I don't get it? People seem to care a lot about the seal hunt when sometimes actual people get killed around the world and no one seems to care.


----------



## sc4ish (Feb 12, 2006)

cold weather
canadian mounted police
cn tower


----------



## grachtengordeldier (Mar 7, 2006)

Great country I was there once (hope to return) I travelled through La Belle Province!
Bad food (to fat and too much), great wheater in the summer, endless nature, Kate & Anna McGarrigle, Édith Butler and many more, endless nature, very friendly people (different then here...), people looked a bit like in the seventies over here...also their behaviour, big Americans cars, cheap country (I mean the prices), very cheap gasoline, endless nature heheh.
Freedom.

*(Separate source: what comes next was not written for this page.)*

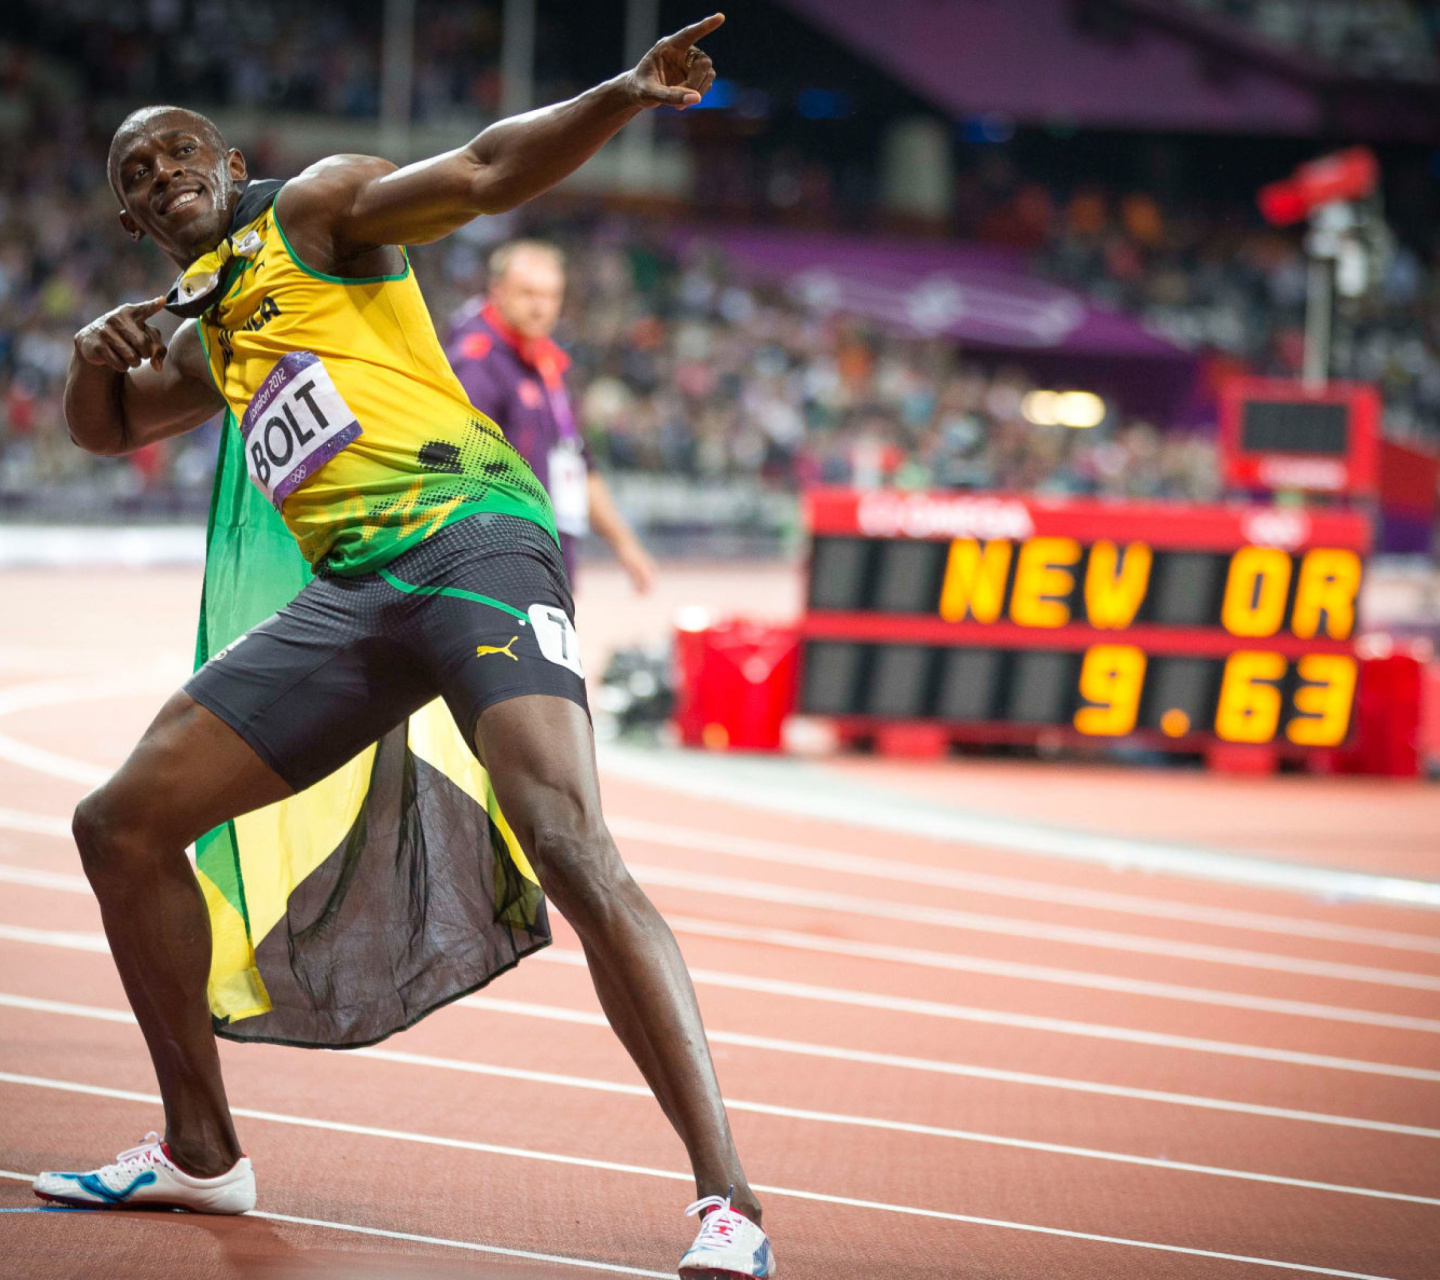 Usain Bolt won medals in the Olympics wallpaper 1440x1280

A lot of American influence though...
And indeed the sealhunt! Stop it.
In the news here was often the bad situation of native people...
Icehockey.


----------



## ♣628.finst (Jul 29, 2005)

steveowevo said:


> Ugh... I hate our steriotypes, which is basily what this whole thread is about. :bash:


Actually I love our stereotypes.

Without our blessing cold weather in winter, Central Canada would be as dry as Spain.

Without our great warm weather in summer, we won't produce so much food that fills every Canadians' body and still having surplus.


----------



## ♣628.finst (Jul 29, 2005)

grachtengordeldier said:


> cheap country (I mean the prices), very cheap gasoline,
> In the news here was often the bad situation of native people...


It's getting very expensive around Vancouver and Toronto, the 2 largest city in Canada. Montreal is not far behind.

About native people: Yes most of them are in bad situation, actually most Whites don't care to help them until around 1990s. Nunavut is separated from NWT... but the future is not very promising unless even more economic activity in the region. Nunavut's advantage is having large territory with very low population density. At the same time, this could be its disadvantage as well--- this discourages higher economic activity in the region because of high transport cost. Down in the provinces they are having much discrimination, and low social status, sadly. Inuit traditions is still affecting their lifestyle, including a lot of bad habits and alcohol drinking.


----------